Begin by installing the development version of the package from Github with:

install.packages("devtools", repos = "http://cran.us.r-project.org")
devtools::install_github("nealhaddaway/CDCscraper")
library(CDCscraper)

The CDC website allows the following information to be searched through it's main interface and through the advanced search function [terms in square brackets represent the function input equivalents]:

with all of the words (terms separated by AND in Boolean search logic) [and_terms]
with the exact phrase (exact phrases in Boolean search logic) [exact_phrase]
with at least one of the words [terms separated by OR in Boolean search logic) [or_terms]
without the words (terms separated by NOT in Boolean search logic) [not_terms]
dated between [date_from and date_to]

Using the buildCDClink() function, you can input any of these fields and generate one or more URLs for pages of search results. In addition to the above fields, the following information can be provided. Empty fields will result in use of defaults or non-use of the field):

start page (the page of results you want to start generating from) [start_page, default is 1]
pages (the number of pages to generate URLs for following on from the start page) [pages, default is 1]
language (the language used for searches and Google Scholar's interface) [language, default is en (English)]

Consider this example:

and_terms <- c('disease', 'spread')
not_terms <- c('animal', 'fish')
exact_phrase <- c('corona virus')
or_terms <- c('pandemic', 'global')
date_from <- '01/01/1980'
date_to <- '10/11/2020'
link <- buildCDClinks(and_terms = and_terms, 
                     exact_phrase = exact_phrase, 
                     or_terms = or_terms, 
                     not_terms = not_terms,
                     date_from = date_from,
                     date_to = date_to)
link

The output "https://search.cdc.gov/search/index.html?all=disease%20spread&none=animal%20fish&exact=corona%20virus&any=pandemic%20global&date1=01%2F01%2F1980&date2=10%2F11%2F20201" is a functioning URL constructed from the inputs we provided above.

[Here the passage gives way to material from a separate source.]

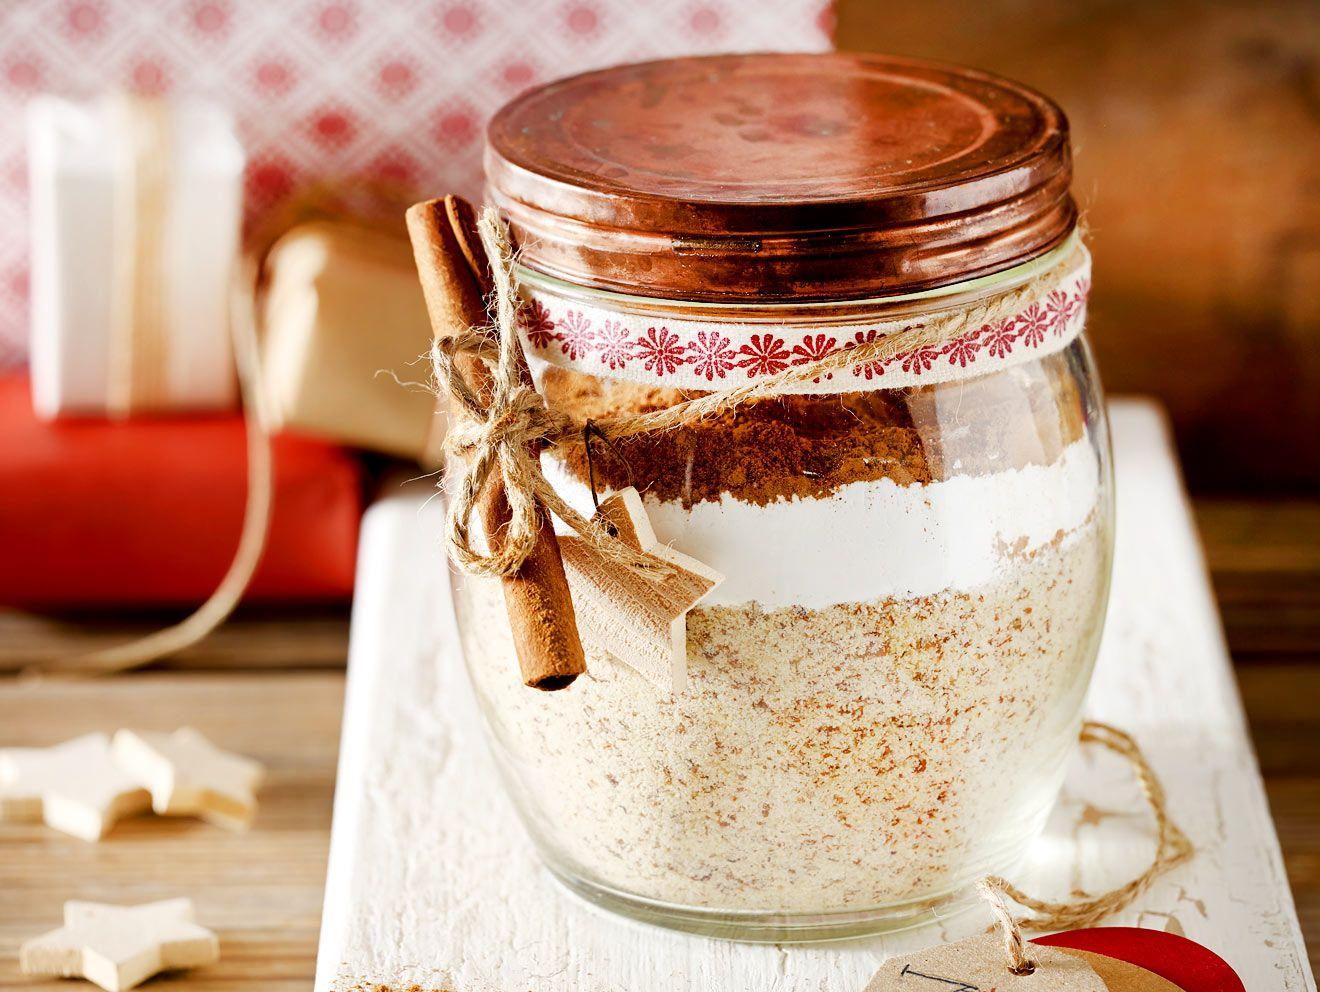 Top 5 Rezepte für Kleinigkeiten zu Weihnachten #kleinigkeitenweihnachten

We can modify this to provide us with a full list of viable URLS for all pages of search results - in this case 562 as of October 13th 2020:

links <- buildCDClinks(and_terms = and_terms, 
                     exact_phrase = exact_phrase, 
                     or_terms = or_terms, 
                     not_terms = not_terms,
                     date_from = date_from,
                     date_to = date_to,
                     start_page = 1,
                     pages = 6)
head(links)

We can see that the links vary here only in the page= parameter, indicating the record from which each page of results should be displayed.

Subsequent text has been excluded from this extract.